Shown below is a listing with pictures; reproduce exactly, and only, the lines between the ones containing "Z_Cuzco_Sweater_2" and "Men's 2-Pack Crewneck", inclusive, leaving the pictures out.

_Data under study_:
• • • • •
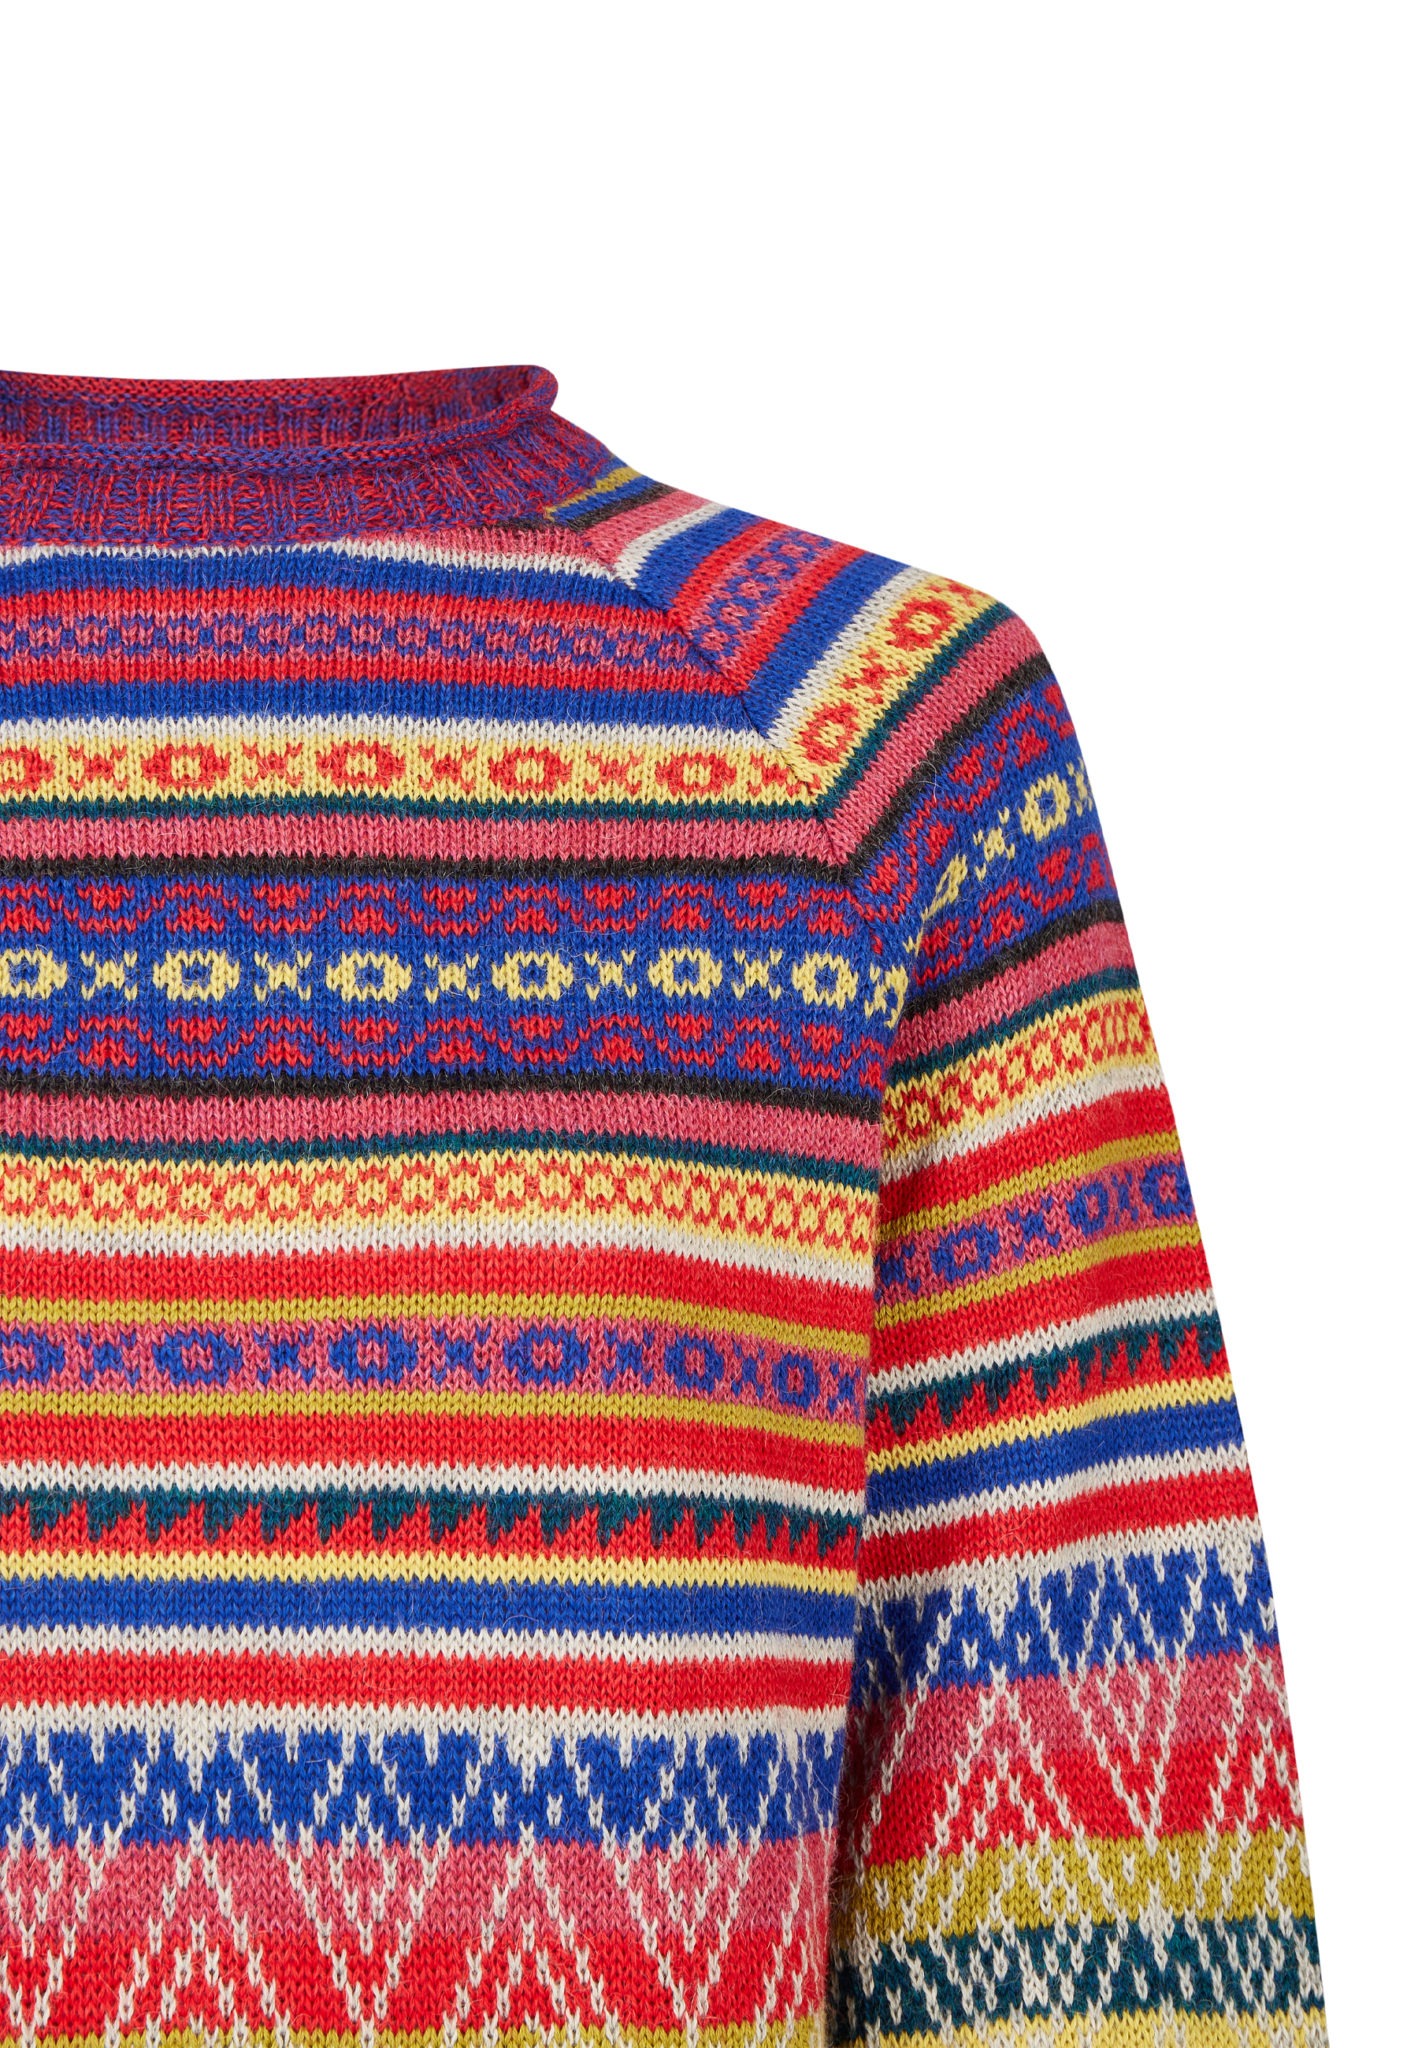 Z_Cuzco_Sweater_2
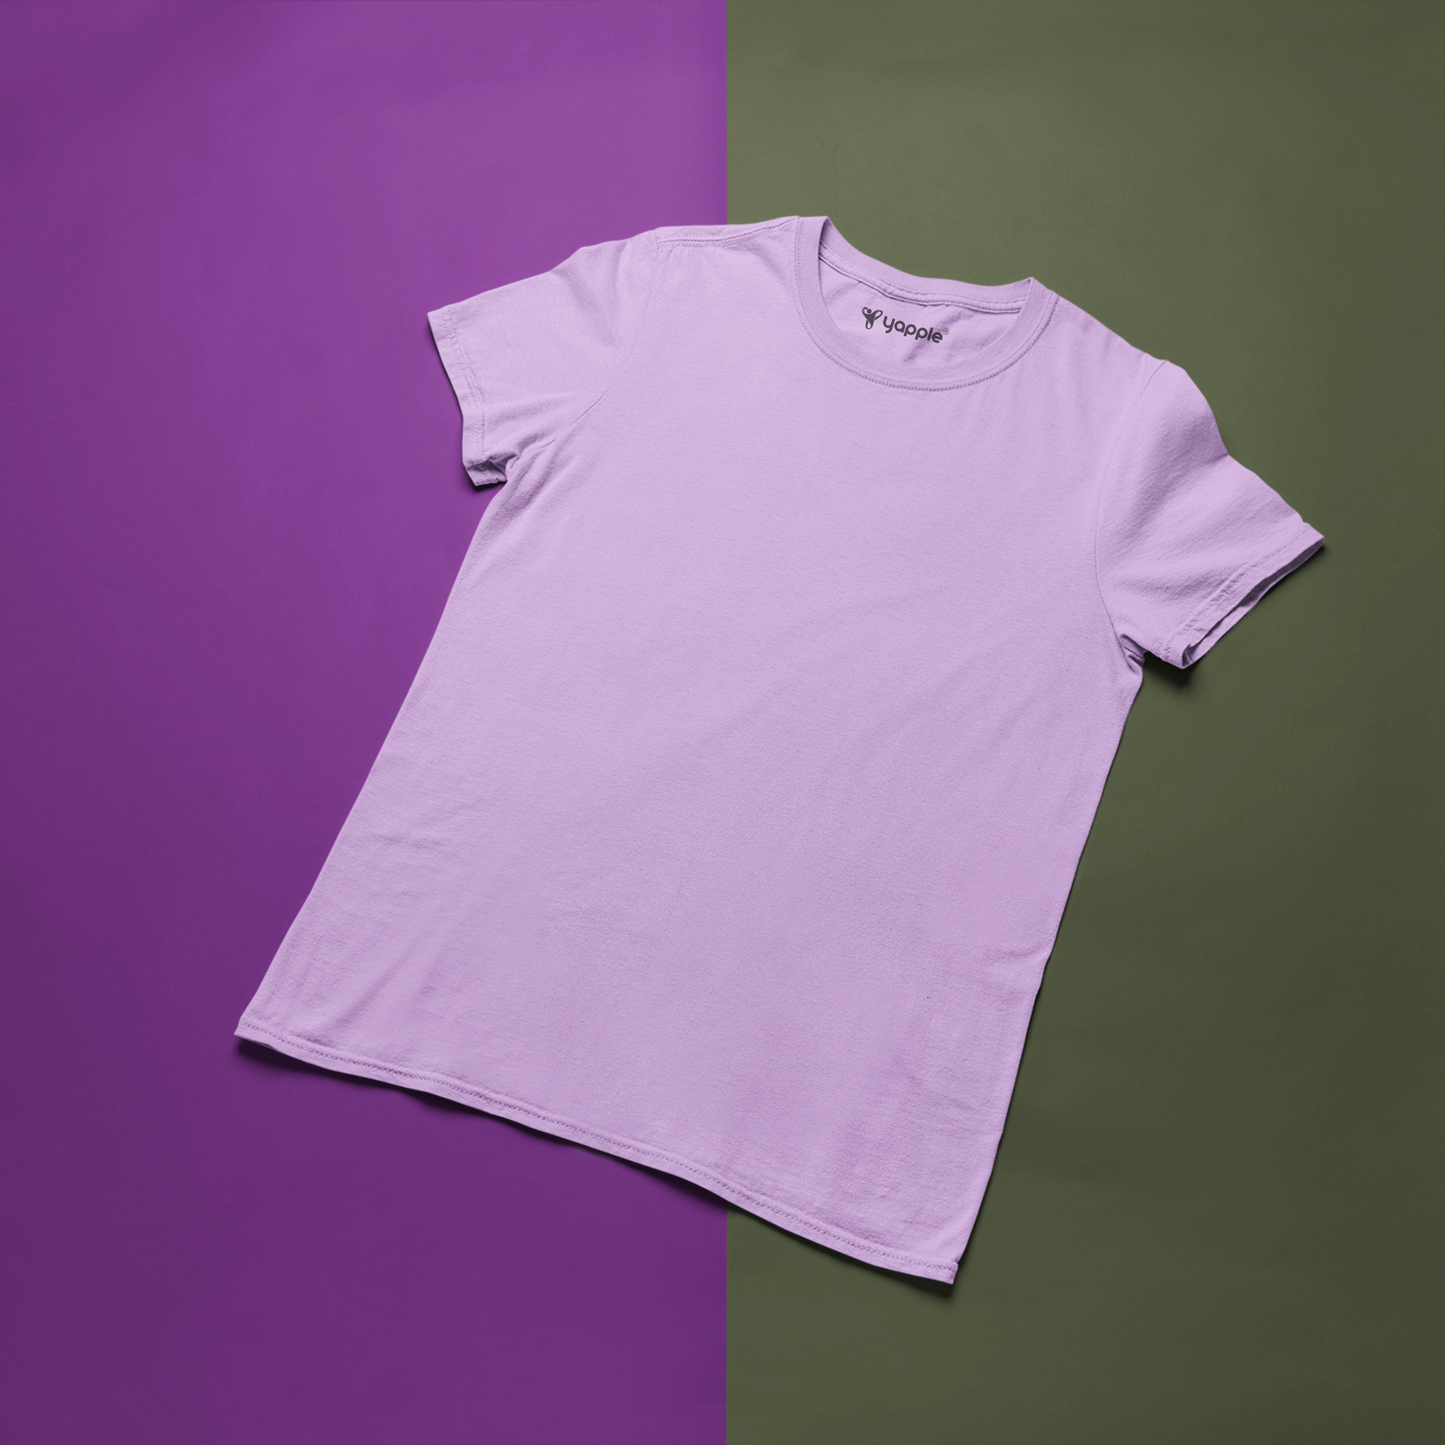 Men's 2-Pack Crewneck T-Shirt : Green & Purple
• • • • •
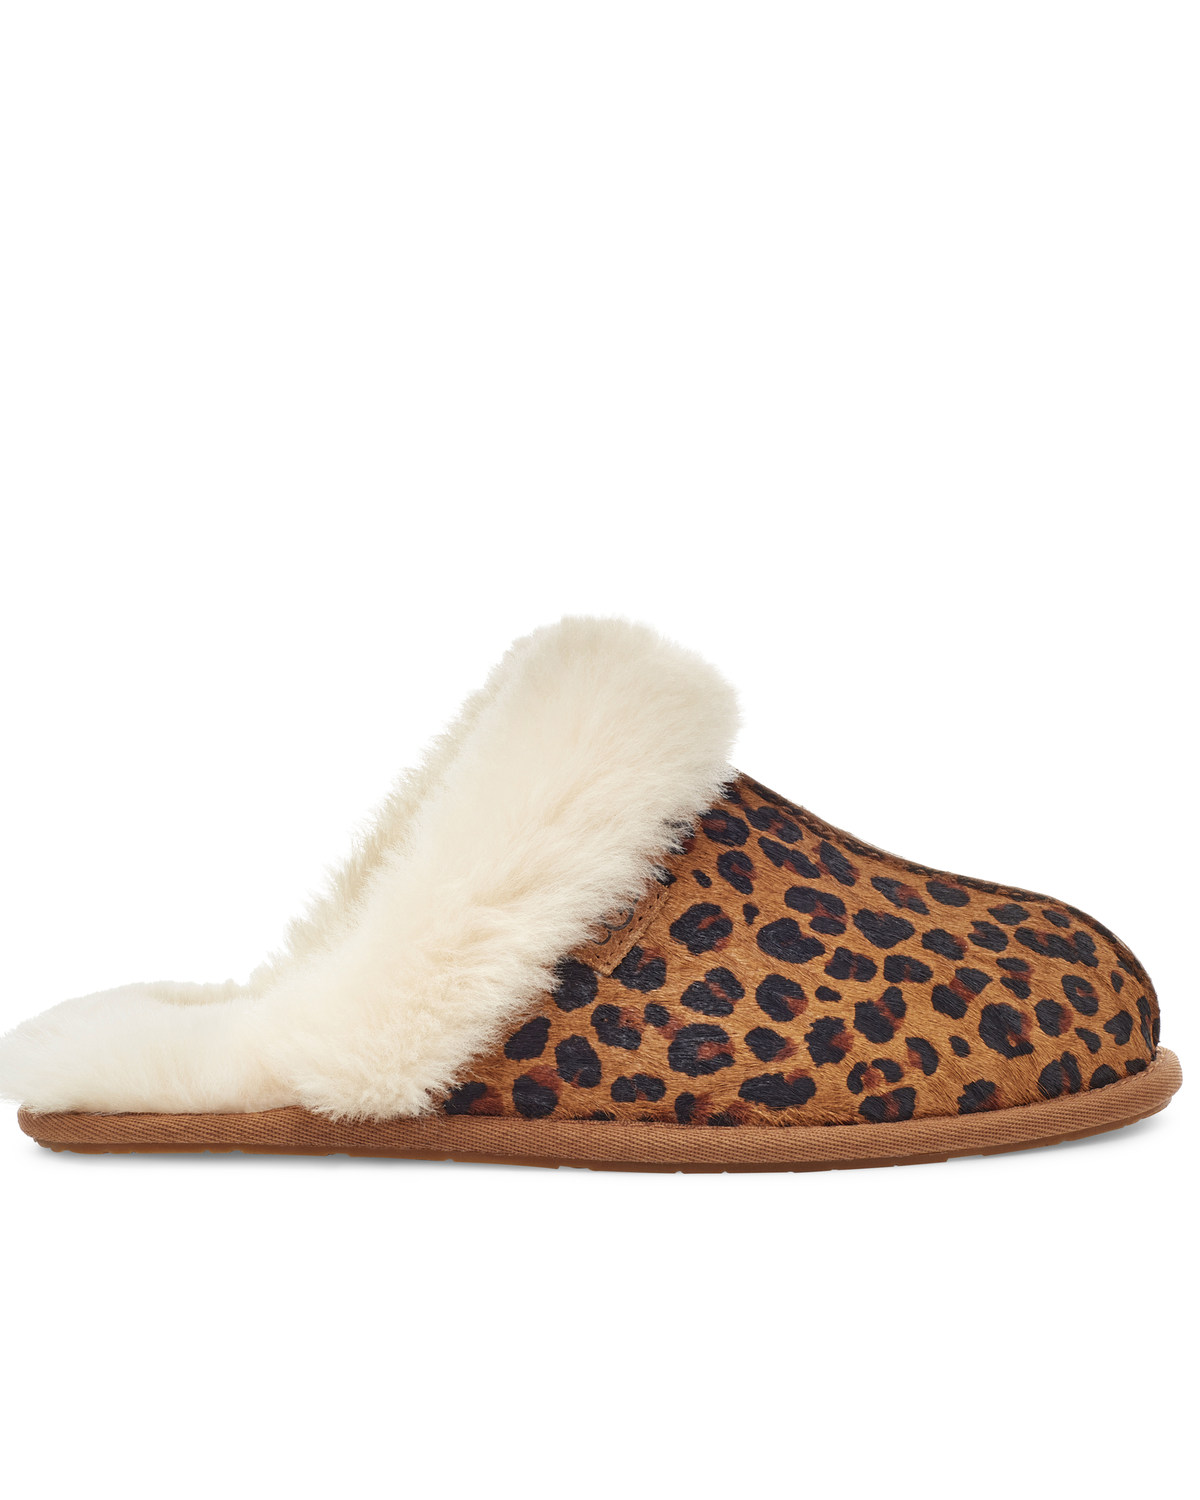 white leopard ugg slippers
• • • • •
_Exercise solution_:
 Z_Cuzco_Sweater_2
 Men's 2-Pack Crewneck T-Shirt : Green & Purple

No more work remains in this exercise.